All this talk of shattered dreams and disillusionment over the increasingly elusive American Dream just doesn’t cut it for me, begging the question, “Why the long face?”
Is this the goal of everyone’s life? To make enough money so we can have all the material possessions one could possibly want—a house or two, a vehicle or three, the best schools, the best toys, privileges galore, endless opportunities for our children, bragging rights, a safe neighborhood, a garage full of crap that ends up being yard sale fodder and stuff with which we saddle our heirs when we die? And then count it all as admirable achievement? And then be able to tell your children that they can do the same, only better? Is this the goal, the Holy Grail of existence– fulfilling some mindless patriotic duty in the name of shallow pursuits?
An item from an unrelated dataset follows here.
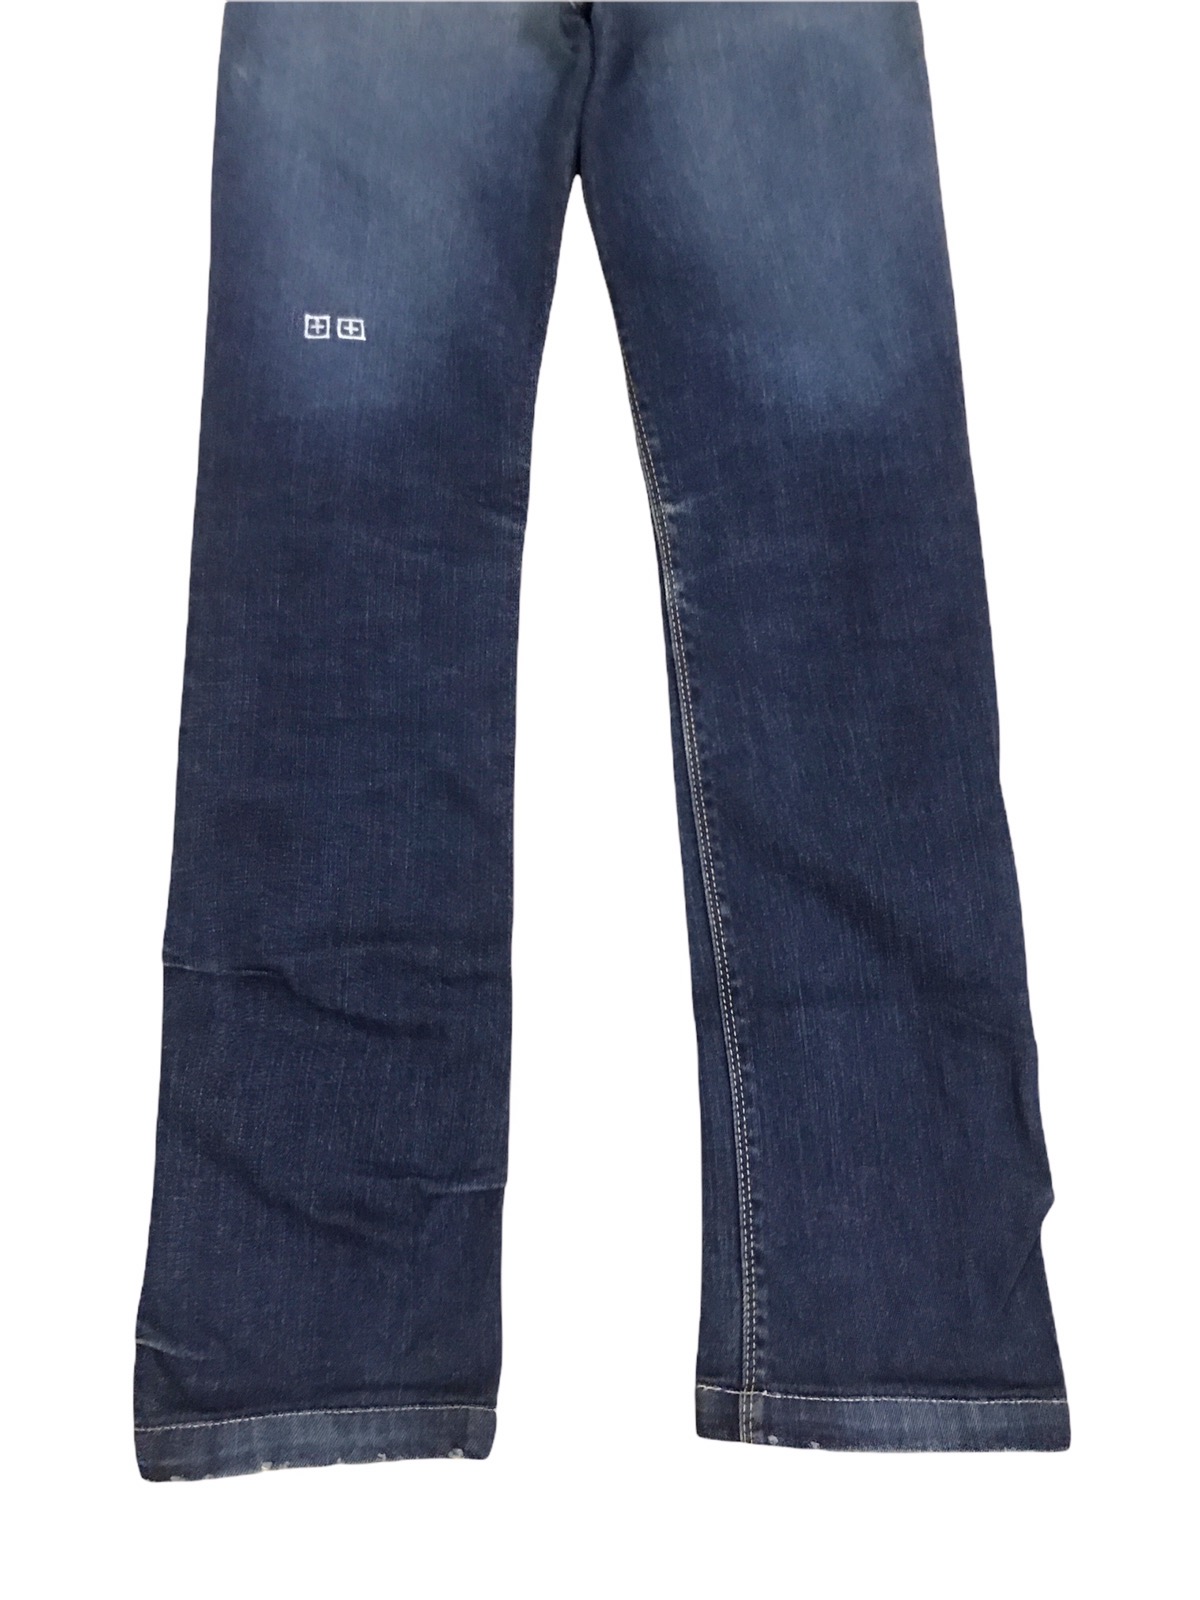 Ksubi Distressed Jeans - 7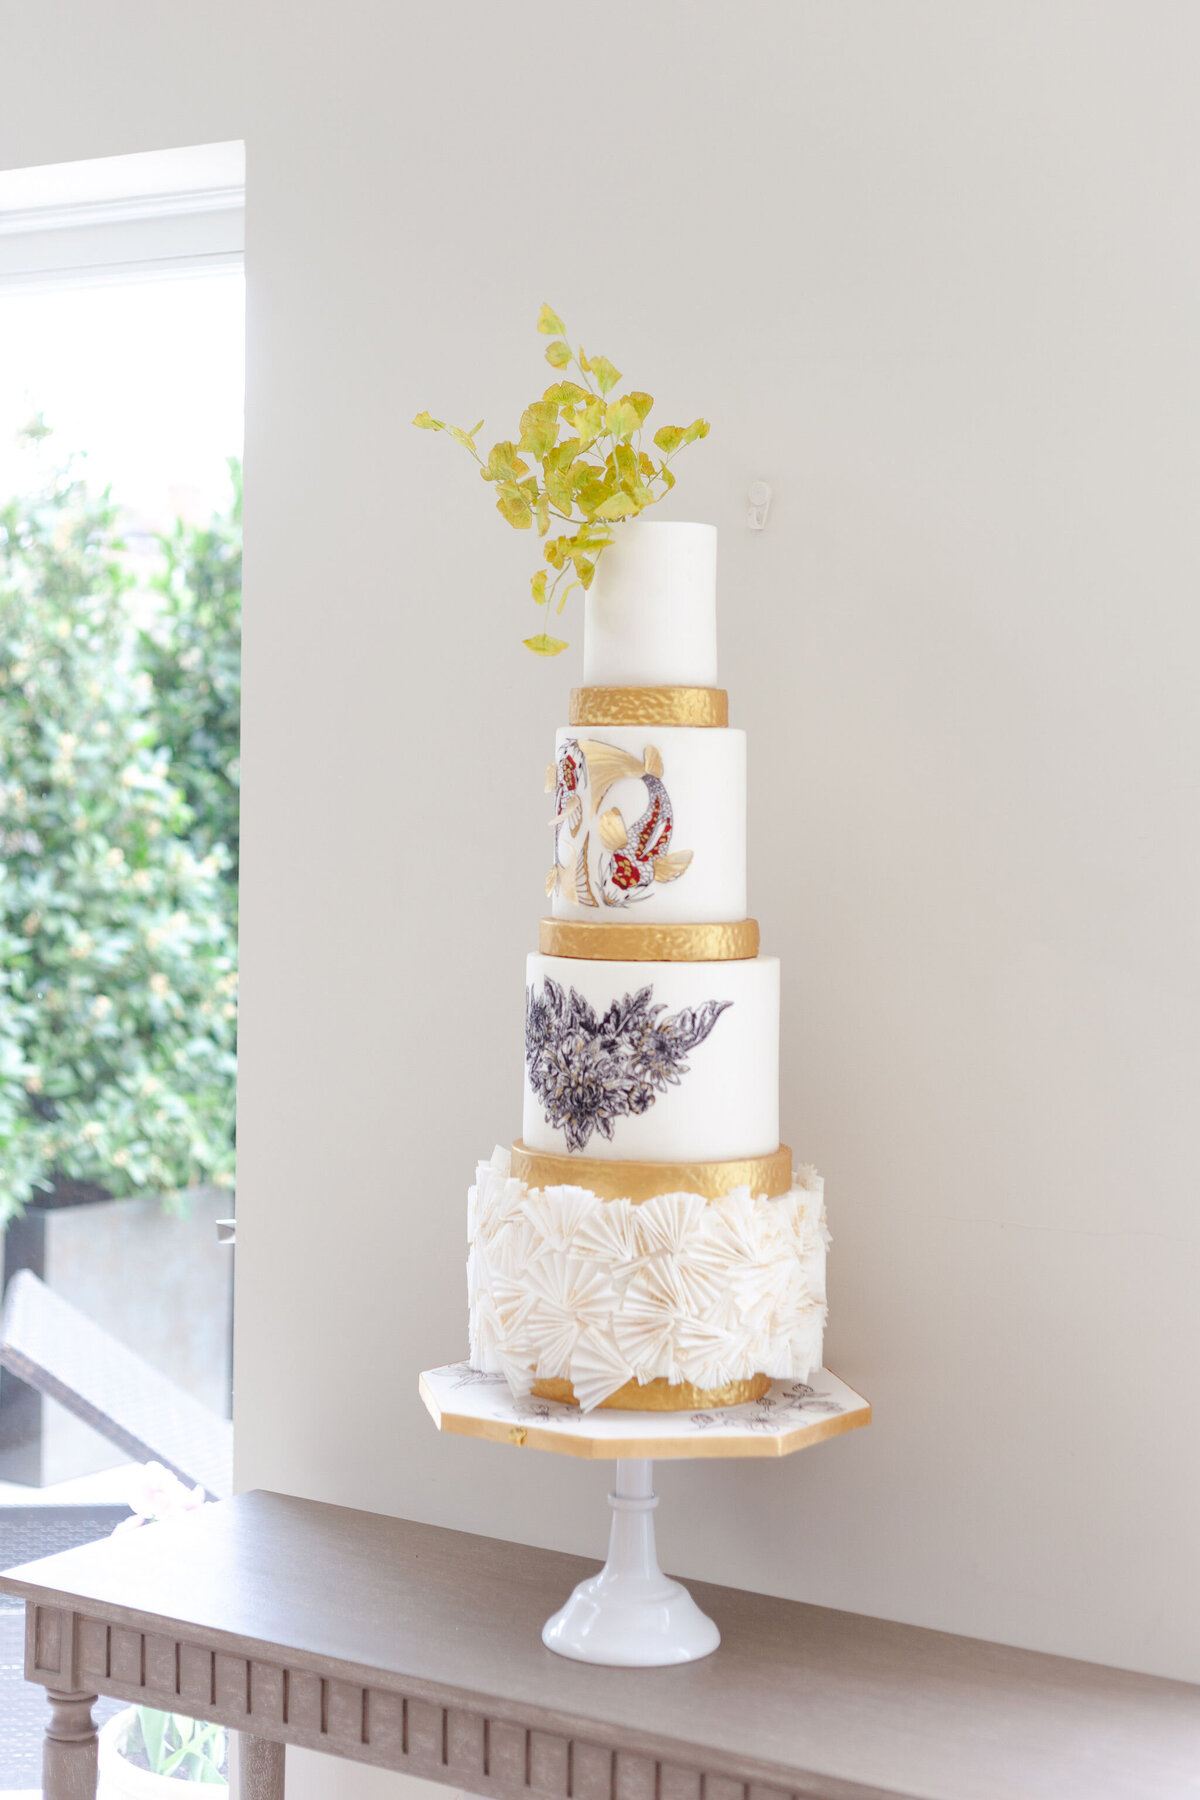 Luxury nature inspired wedding cake designer vanilla Spice Cake Studio Northamptonshire 4 tier hand painted sugar flower cake with modern textured ruffles

Sometimes it seems we have it all wrong, that we add unnecessary weight to our shoulders by making consumption part of a contract we all must honor. We foster blindness, isolation, hubris, a lack of awareness of a bigger world and any sense of obligation beyond that to ourselves. It’s as if a good job and a house of our own are some sort of birthrights or the stuff of lofty aspiration, like success is measured in quantities and accumulation and trophies on a shelf.
It’s no wonder the world is burning. We’ve shortchanged ourselves and others, counted unsustainability as achievement, in pursuit of too much that crumbles and degrades slowly and robs the earth and fouls the air we breathe.